Content starts

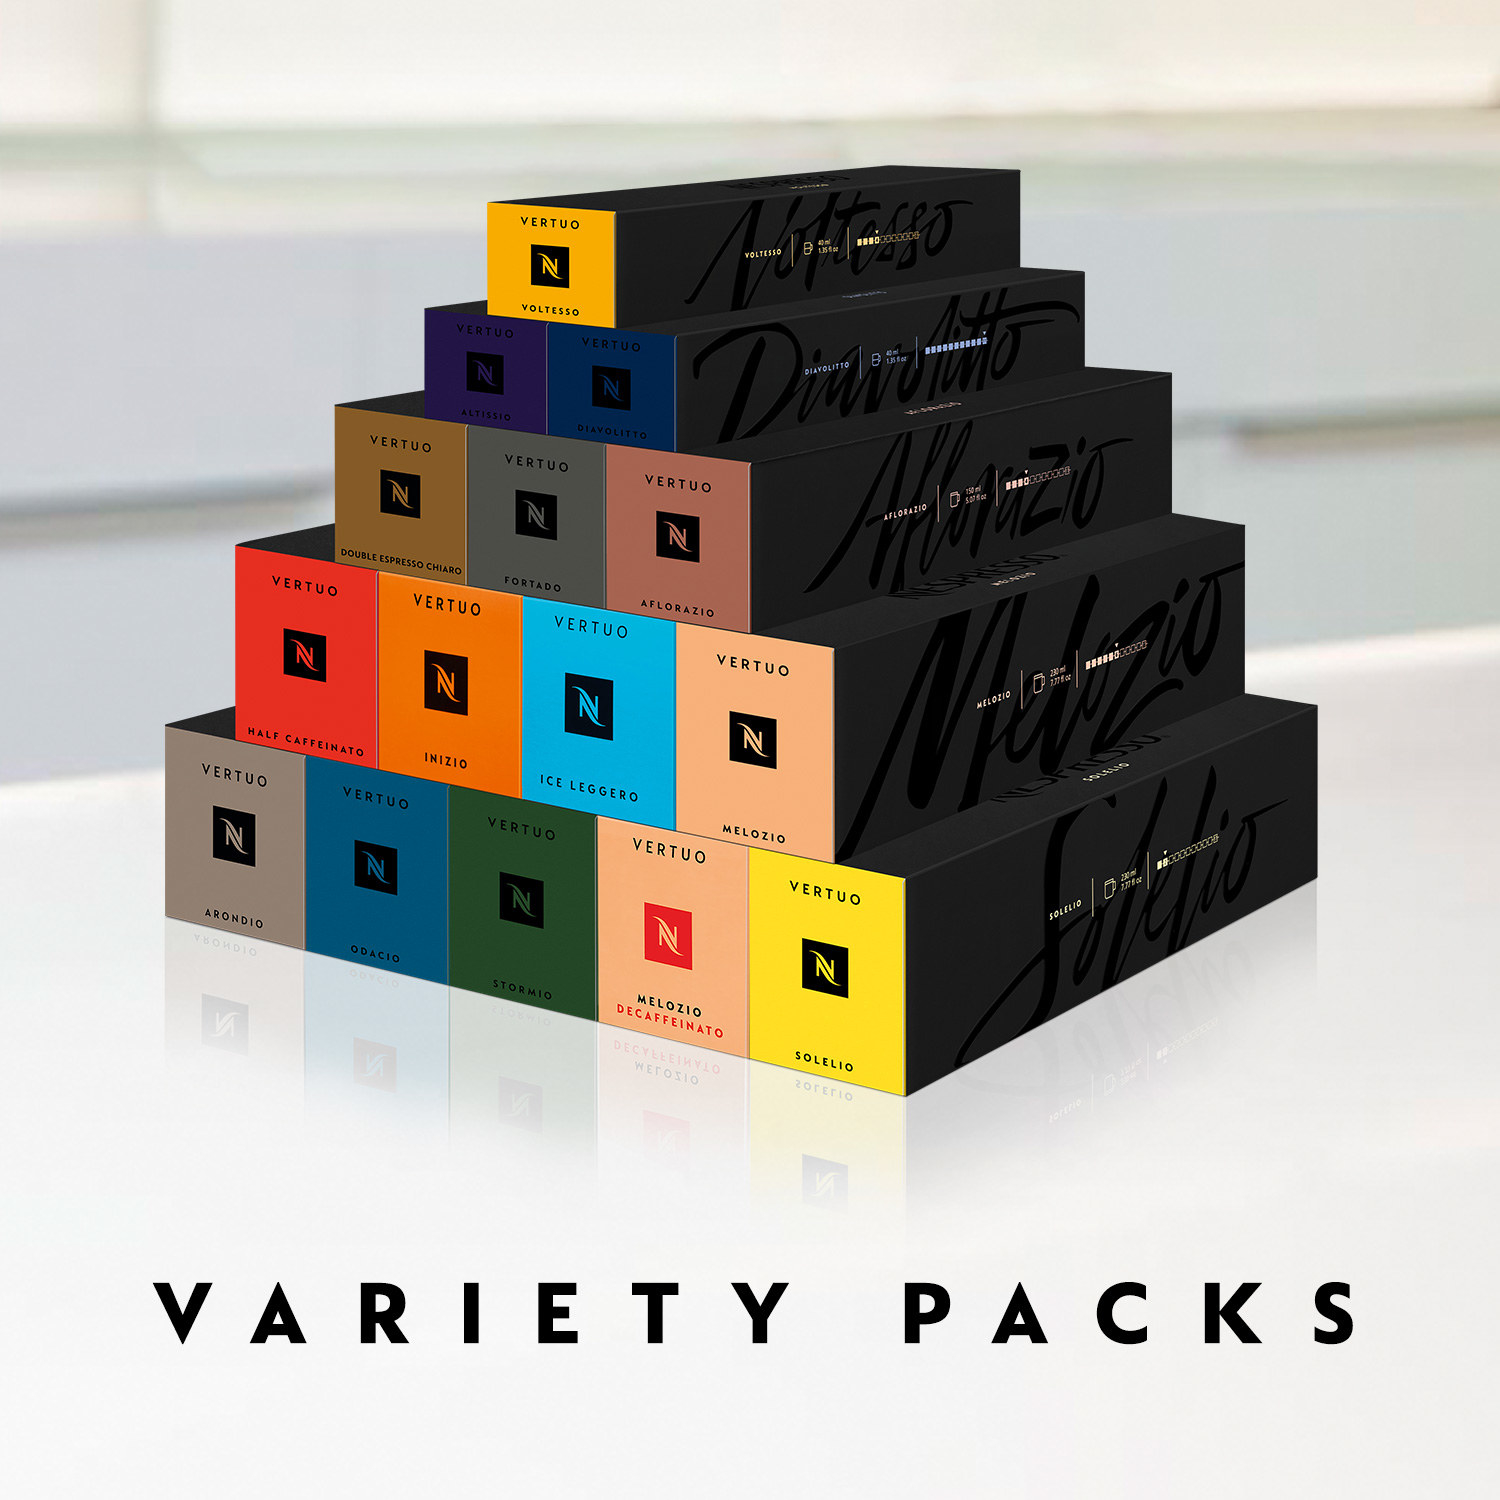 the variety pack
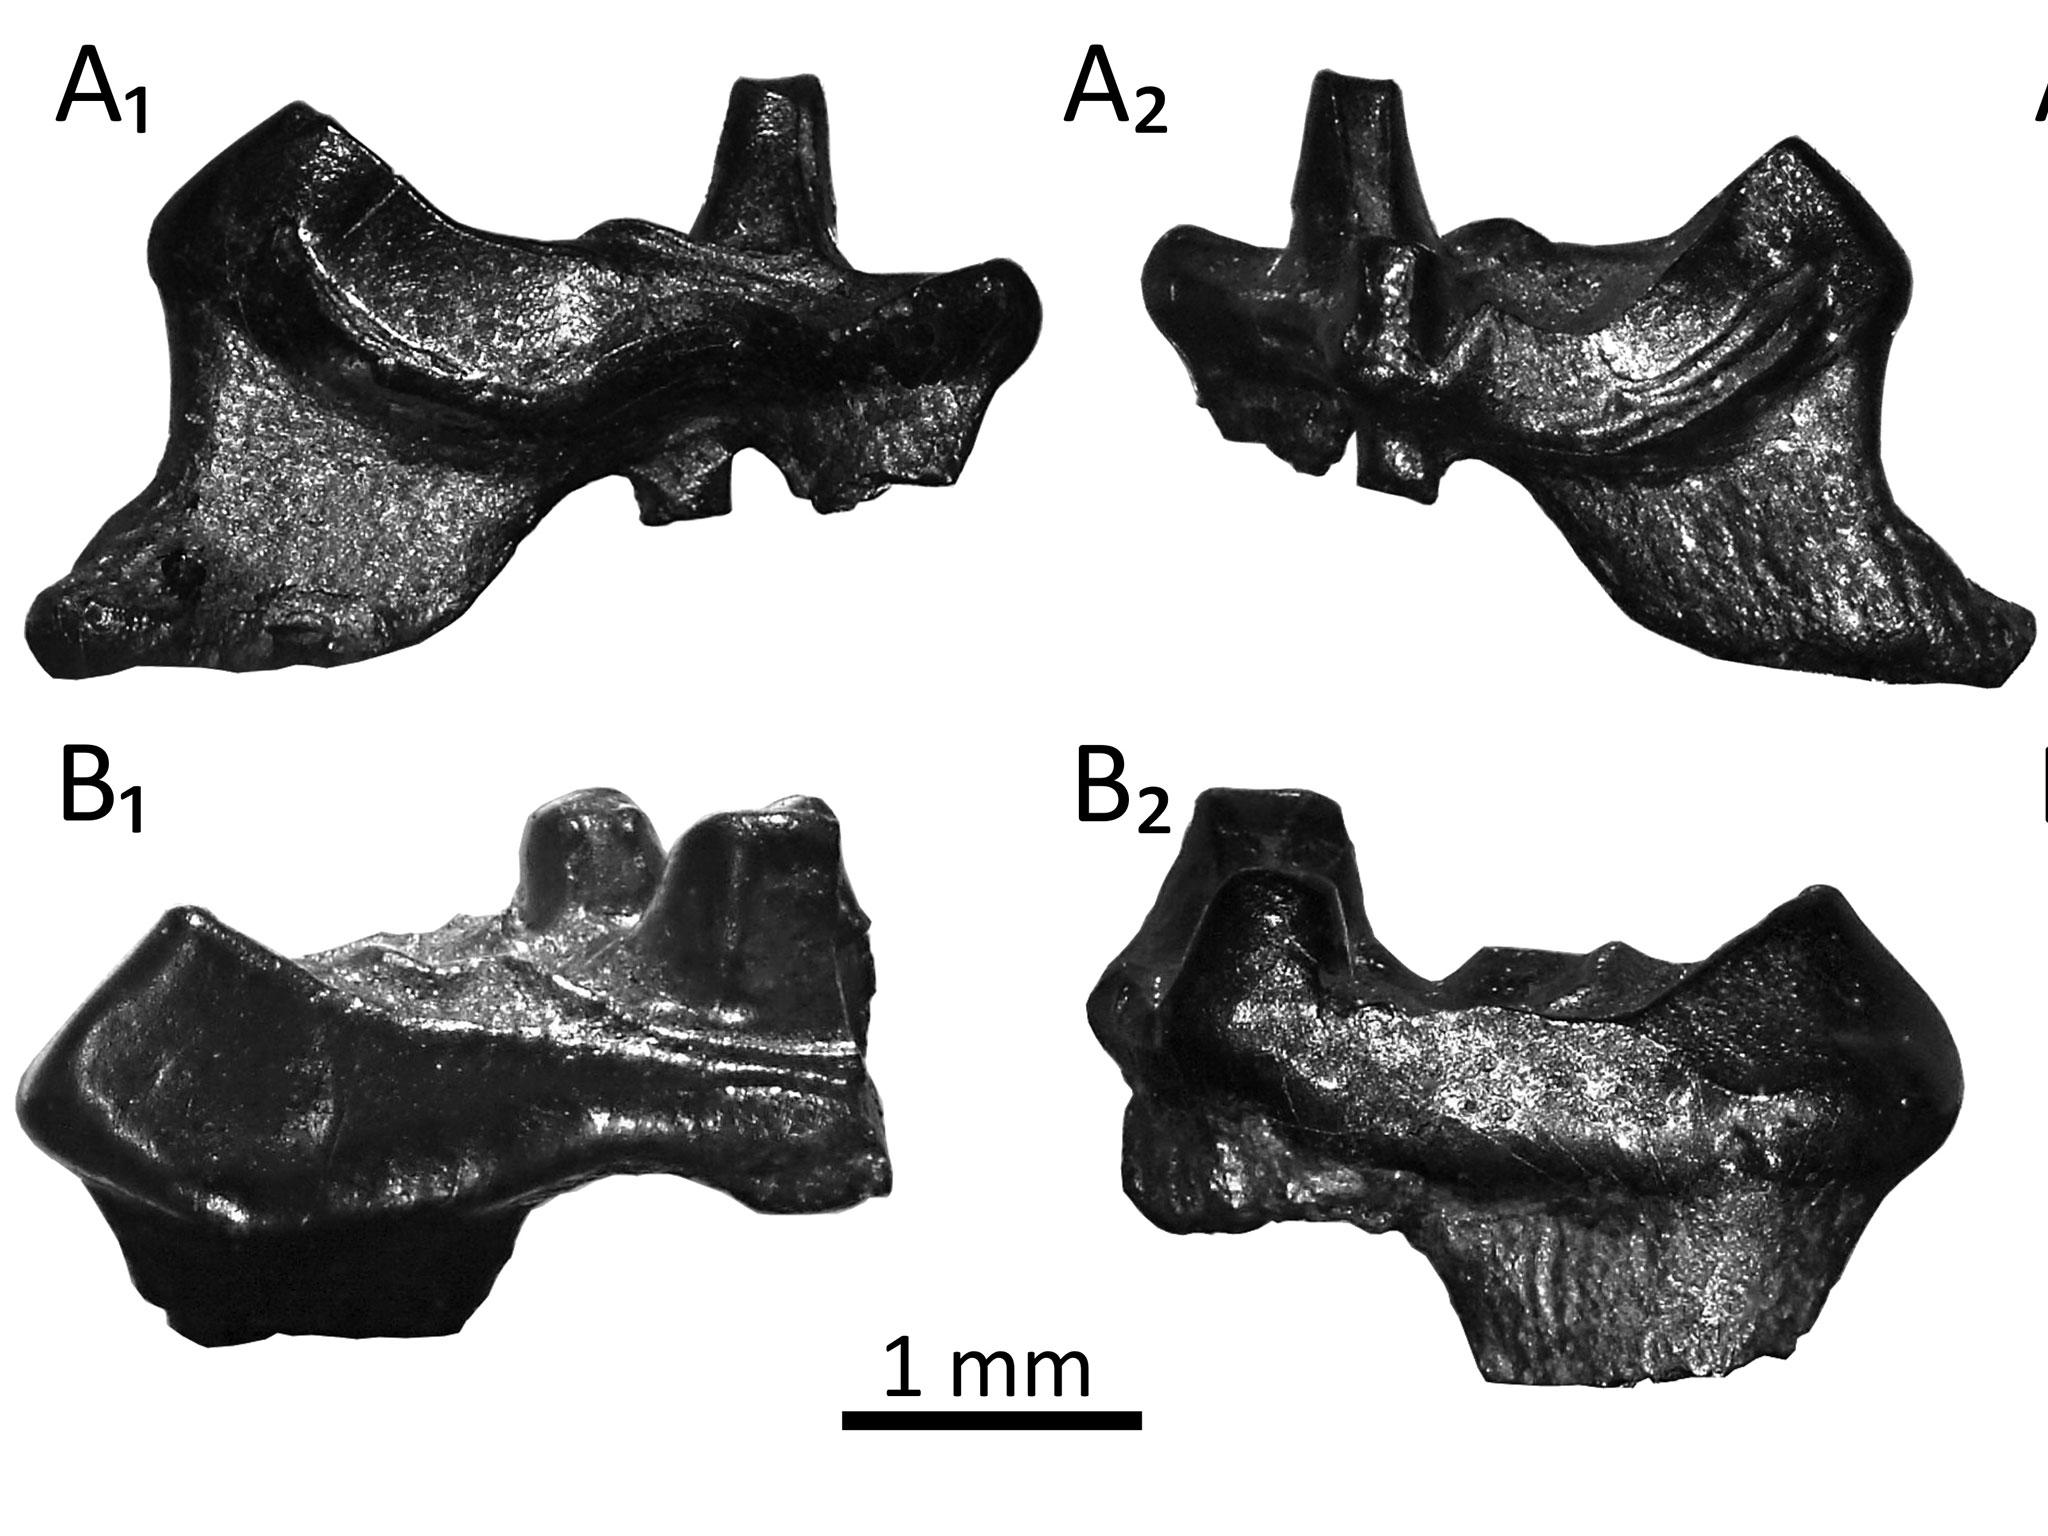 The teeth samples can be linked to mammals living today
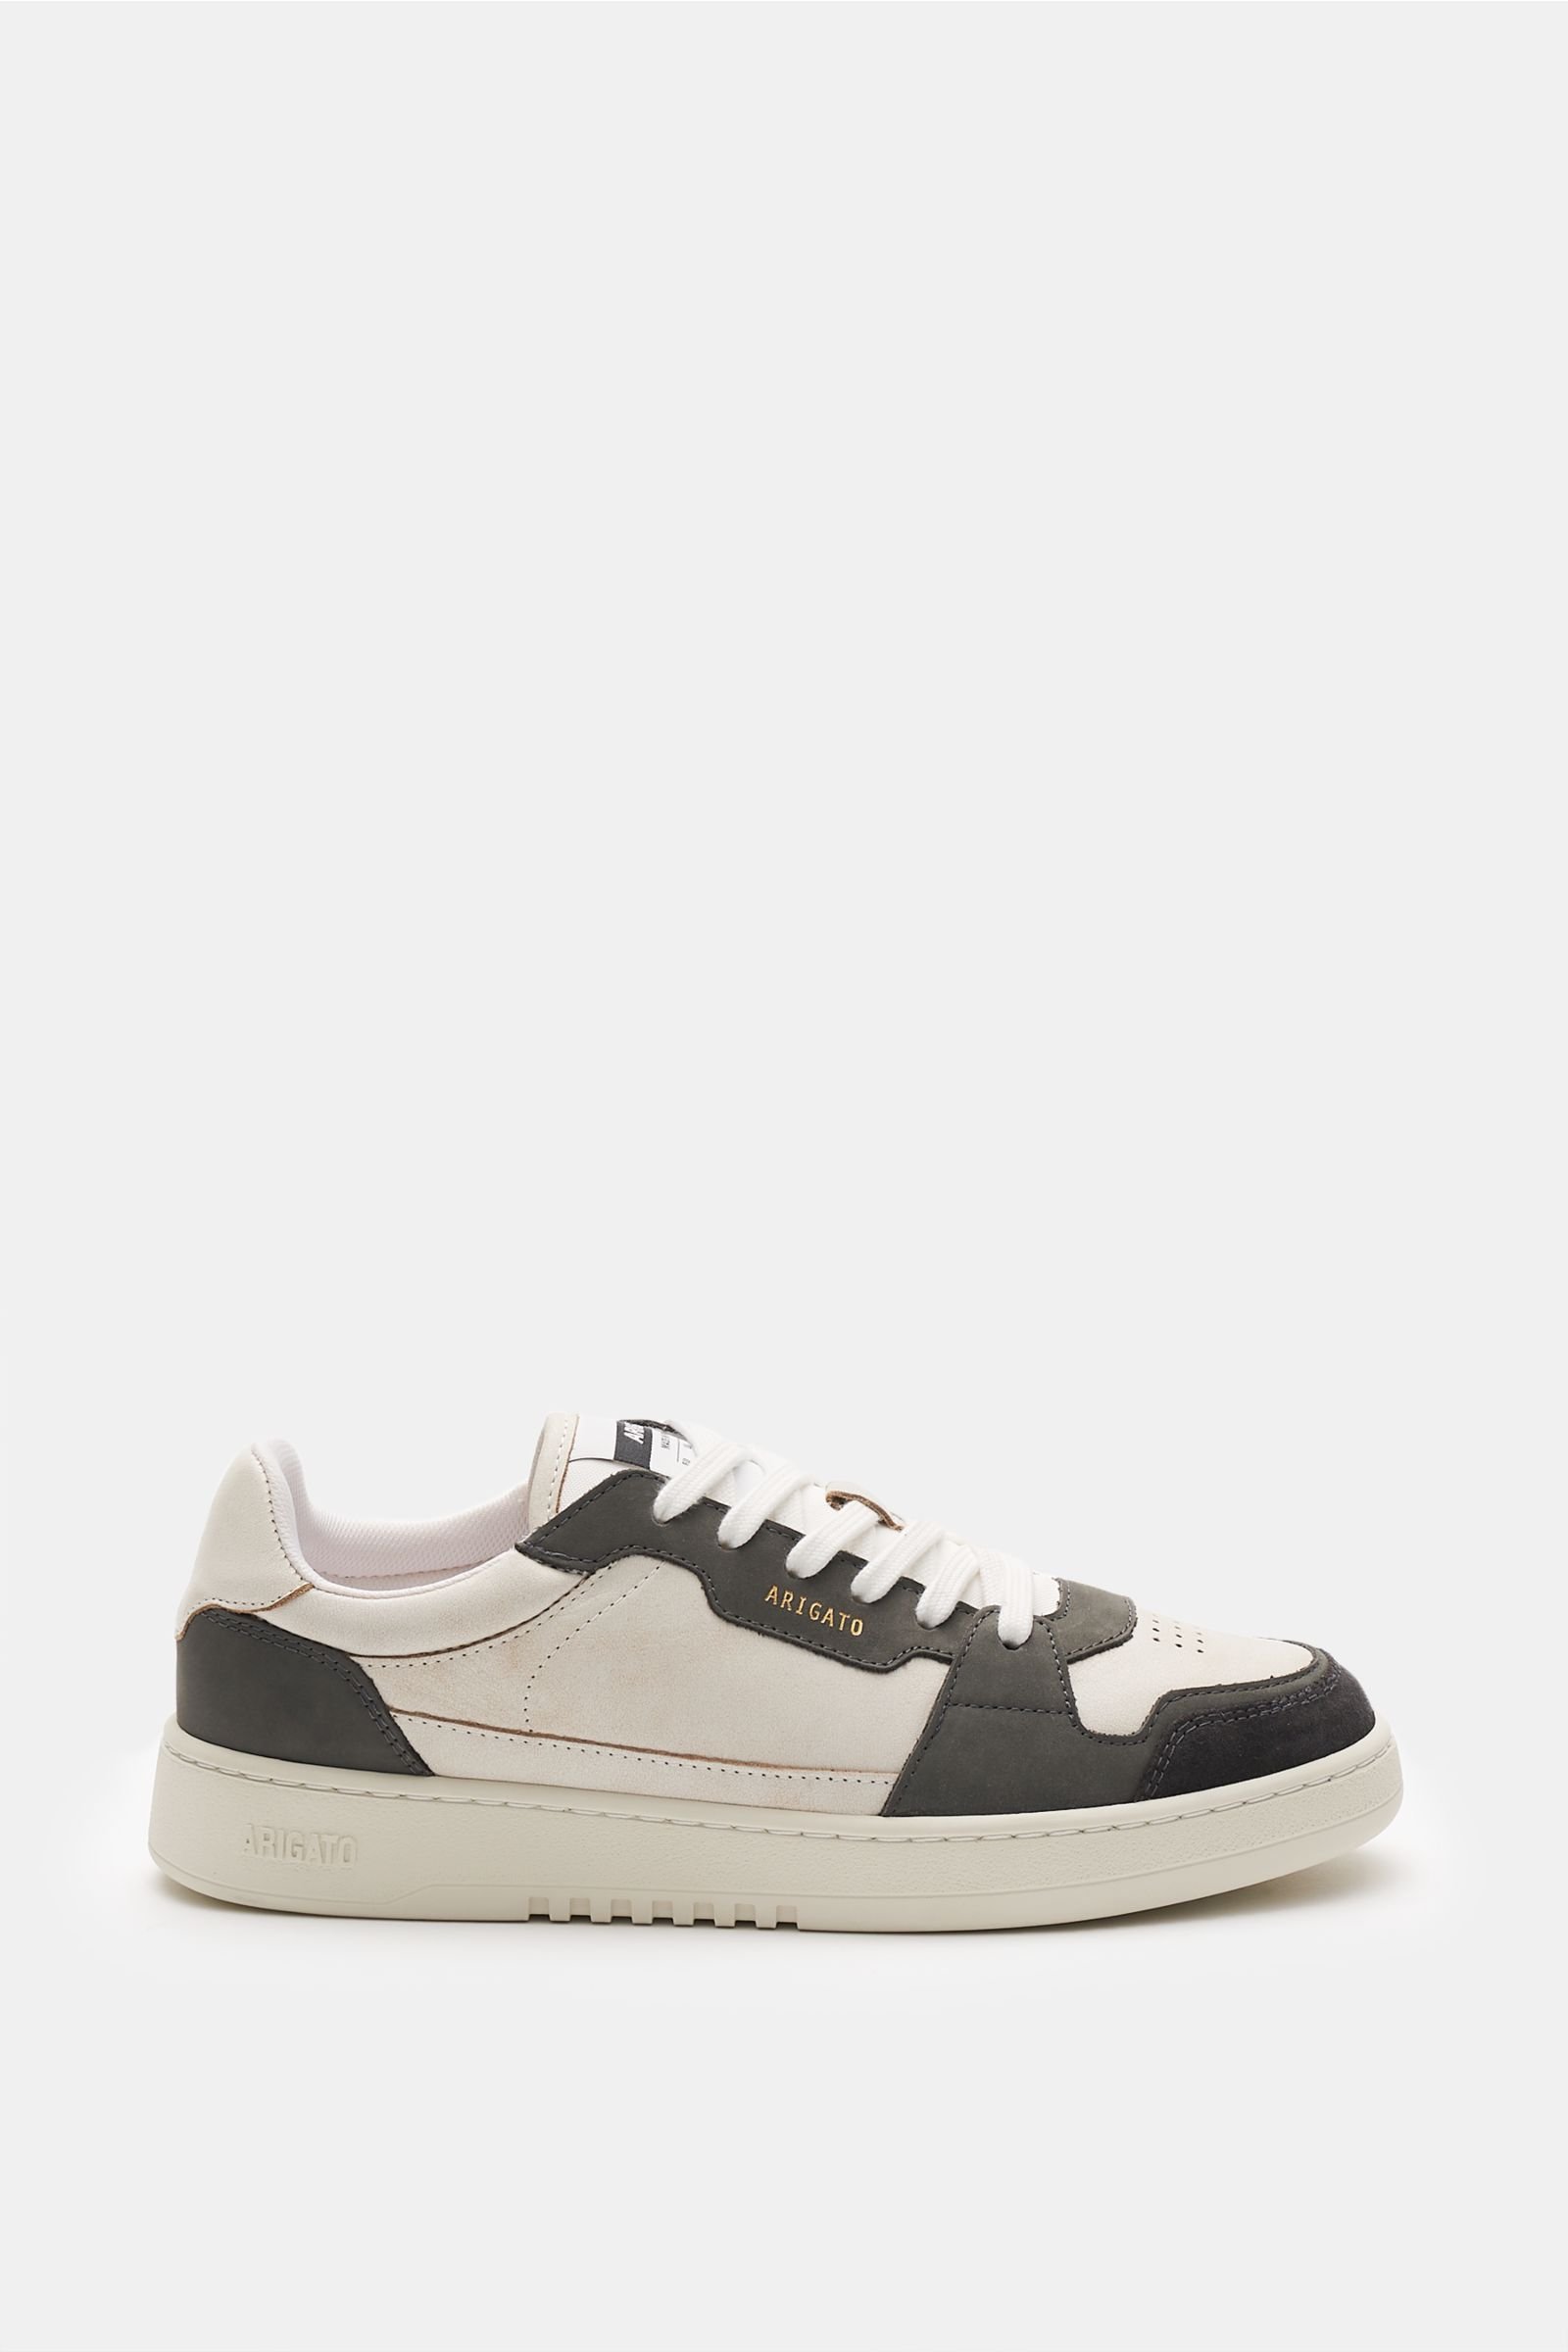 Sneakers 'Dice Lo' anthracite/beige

Content ends

Leaving out all pictures, transcribe the listing exactly.

**Completed exercise**
 the variety pack
 The teeth samples can be linked to mammals living today
 Sneakers 'Dice Lo' anthracite/beige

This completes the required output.